- Information supplied:
::::::::::

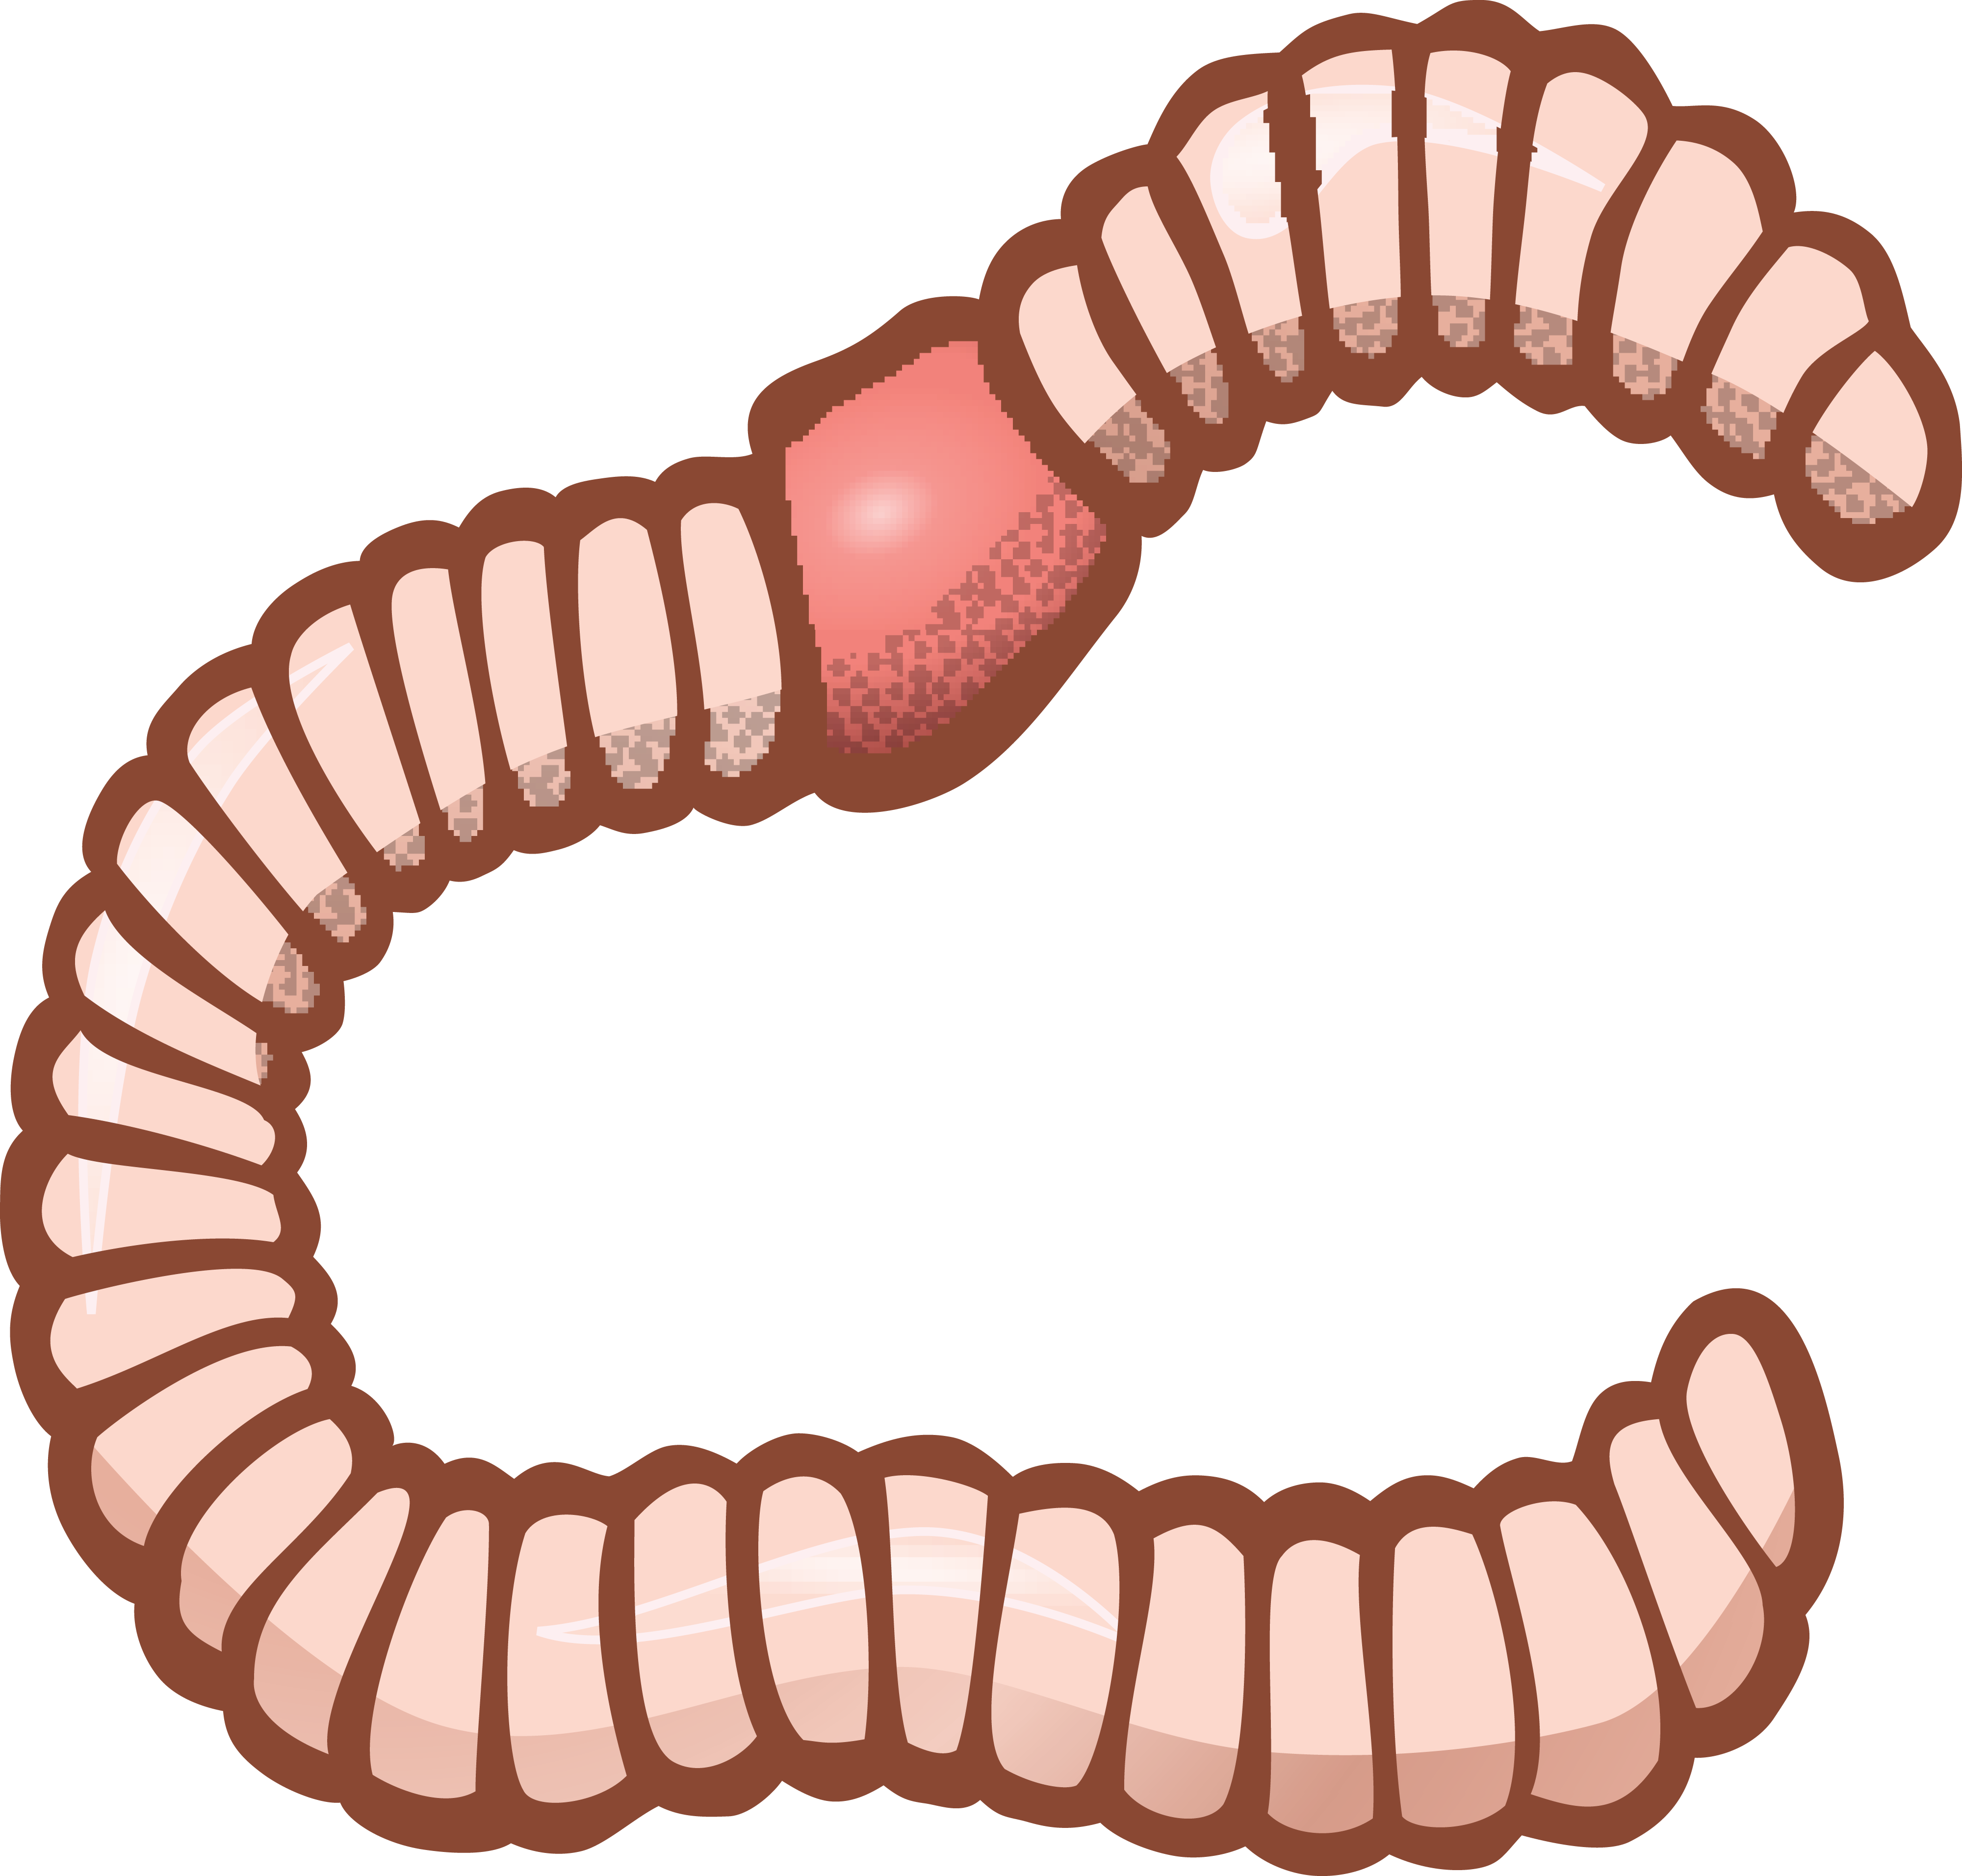 PNG Earthworm-PlusPNG.com-302
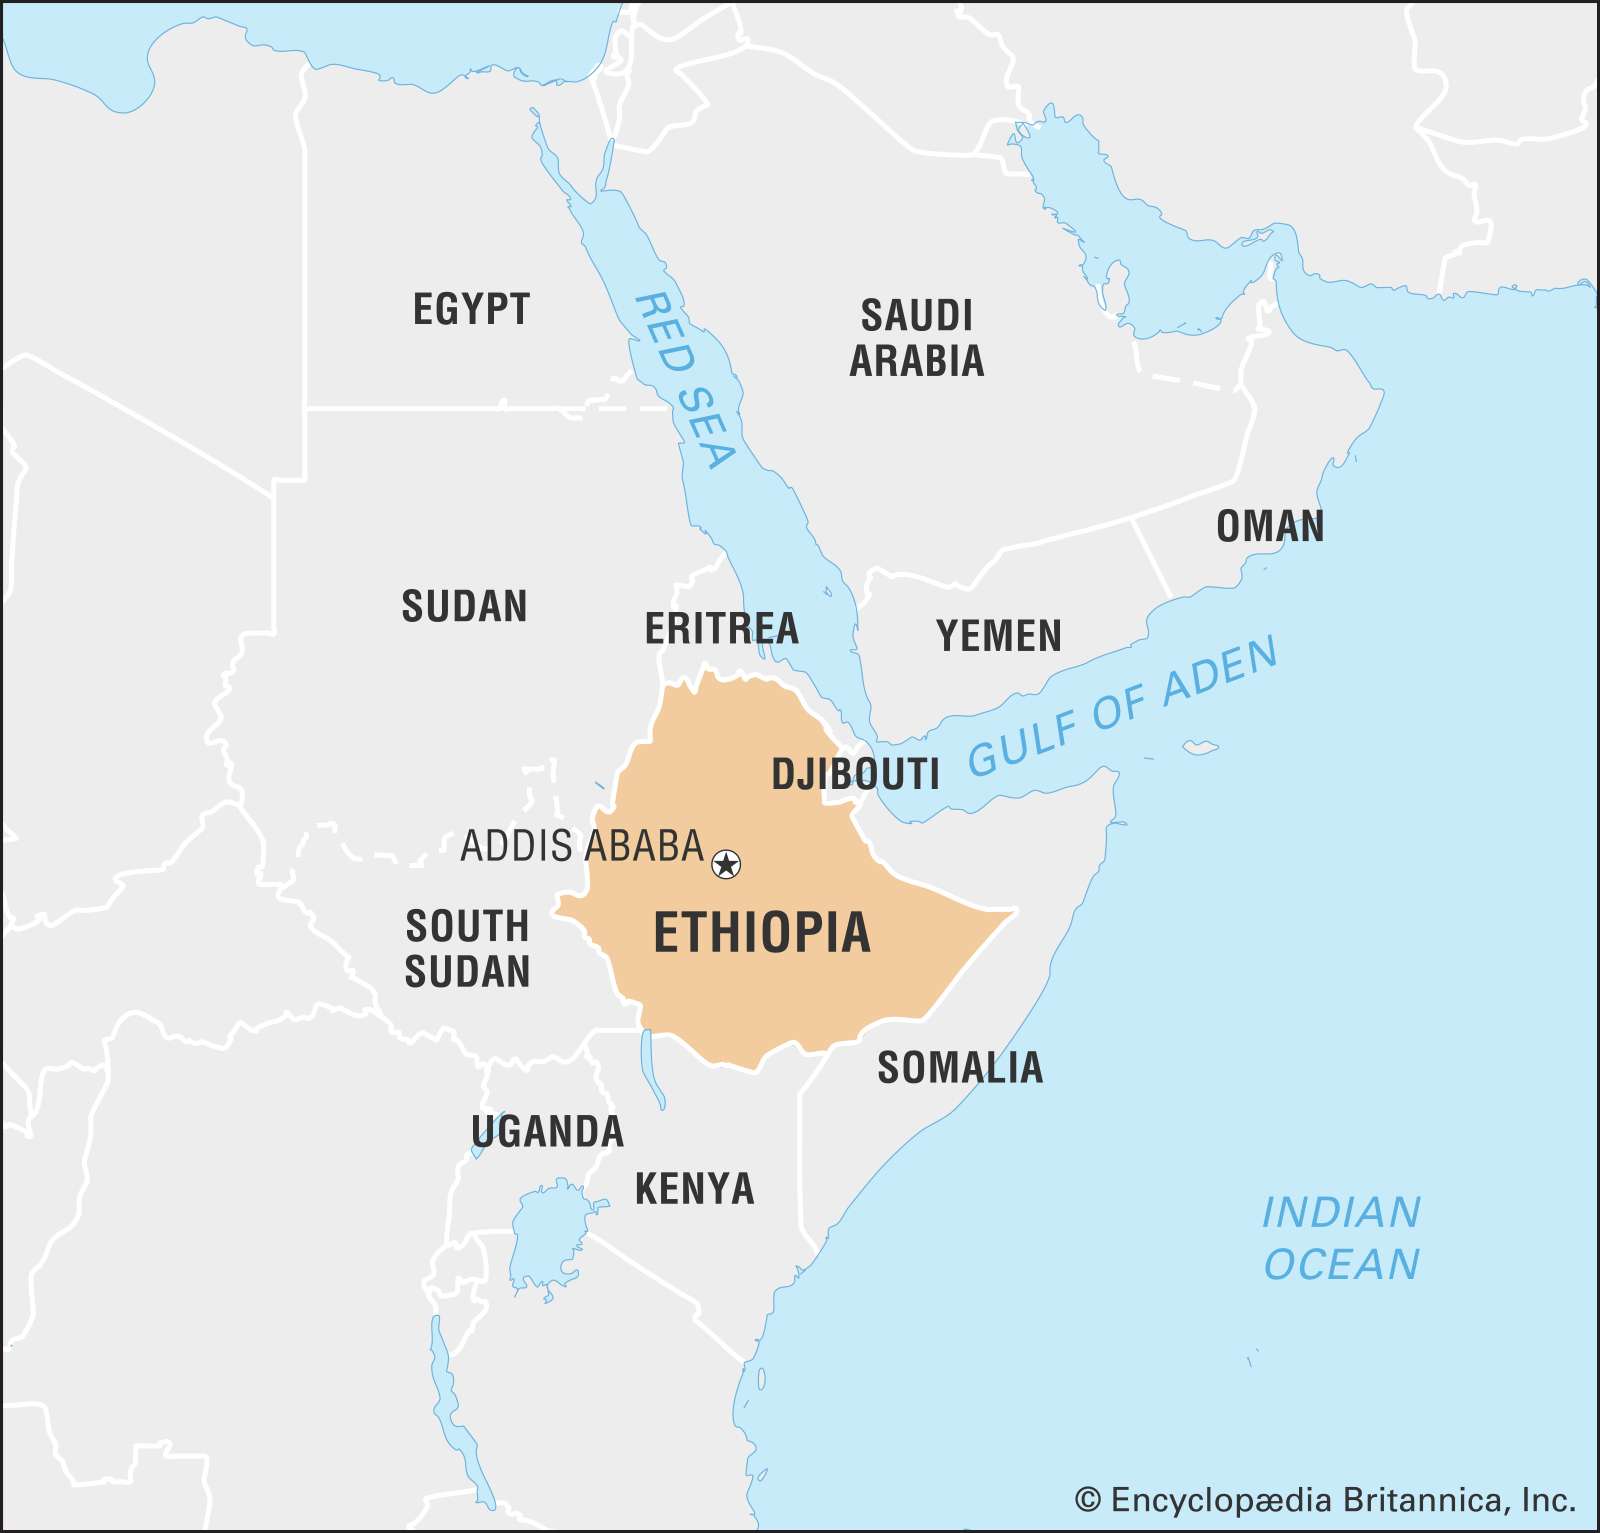 Αιθιοπία: Η Ουάσινγκτον καταδικάζει τις επιθέσεις των δυνάμεων του Τιγκράι εναντίον της Ερυθραίας
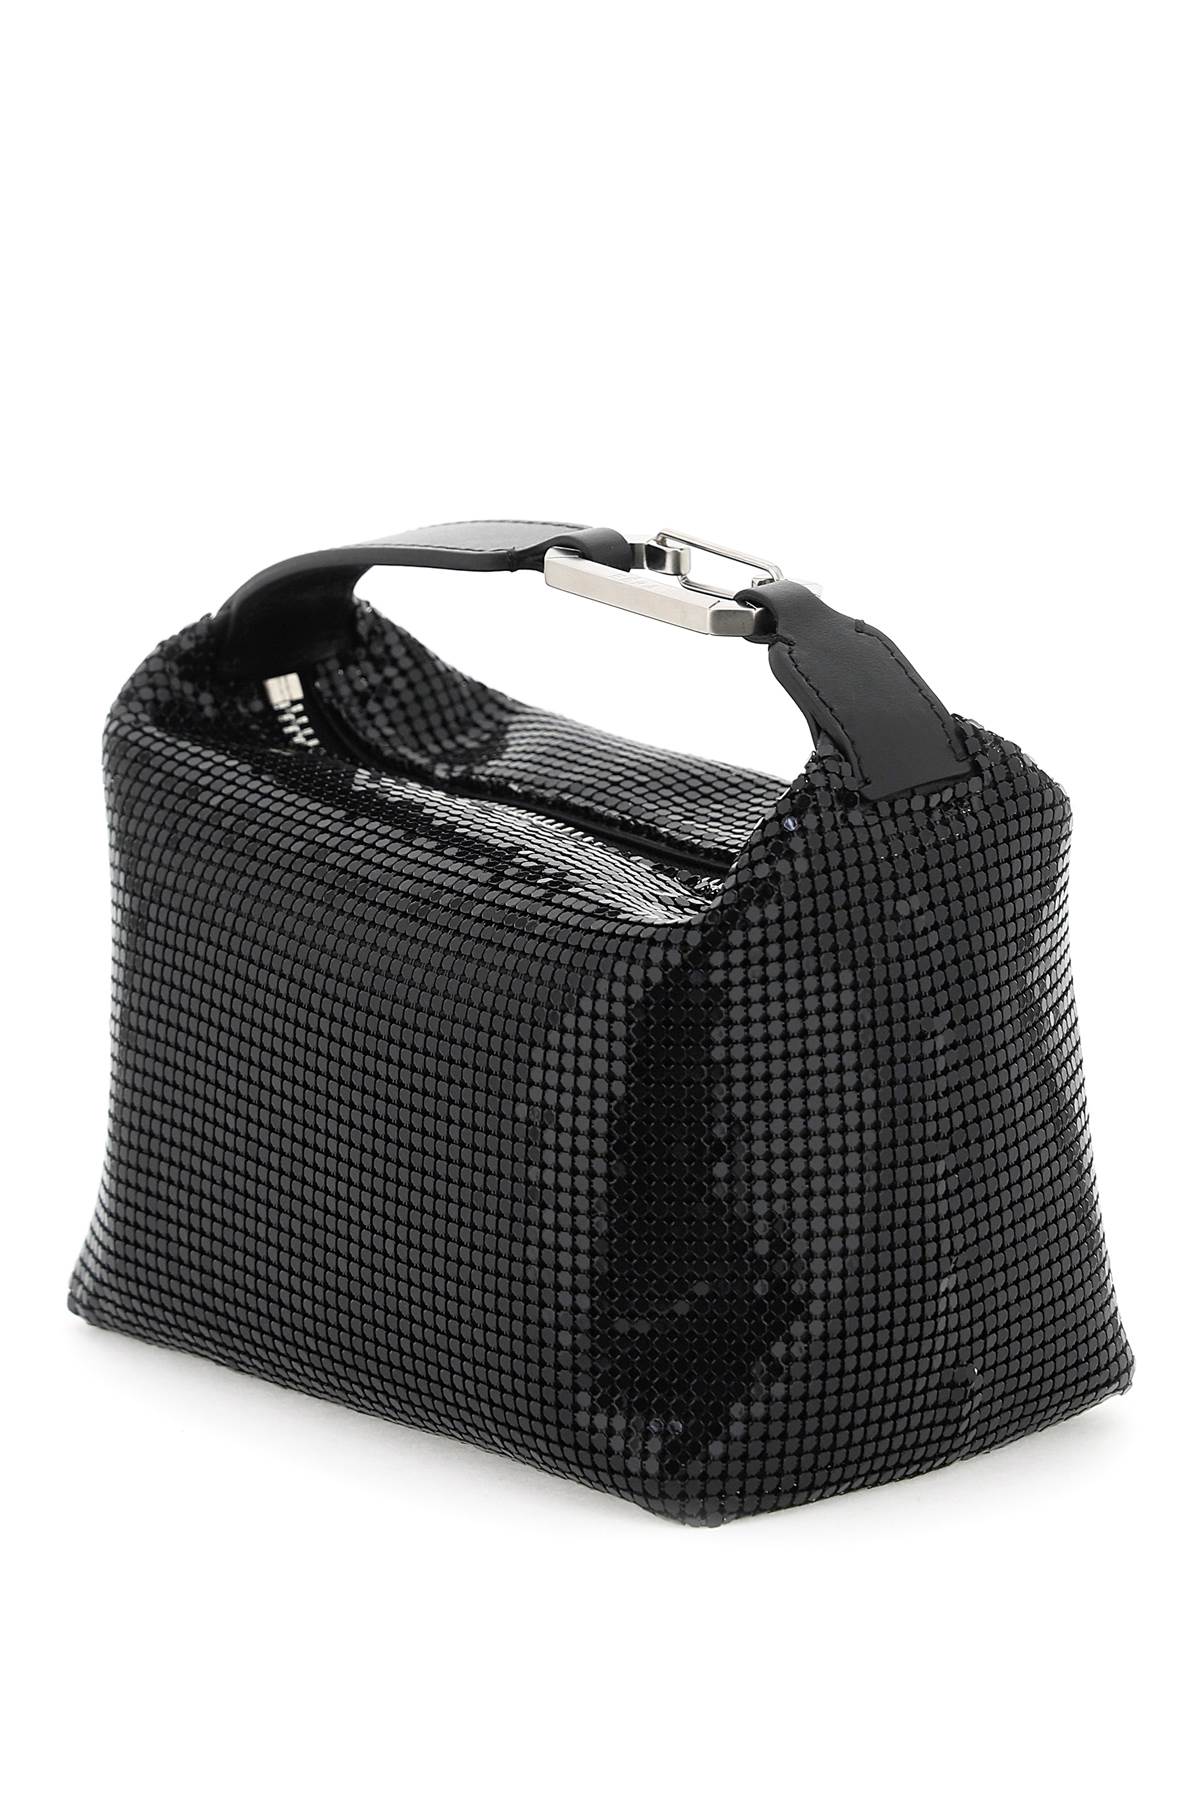 Eera 'moonbag' handbag-2

::::::::::

- Task details:
Restate the data exactly, though only from the line that contains "Αιθιοπία: Η Ουάσινγκτον" through its last line, both ends included and with the pictures left out.

- Your response:
 Αιθιοπία: Η Ουάσινγκτον καταδικάζει τις επιθέσεις των δυνάμεων του Τιγκράι εναντίον της Ερυθραίας
 Eera 'moonbag' handbag-2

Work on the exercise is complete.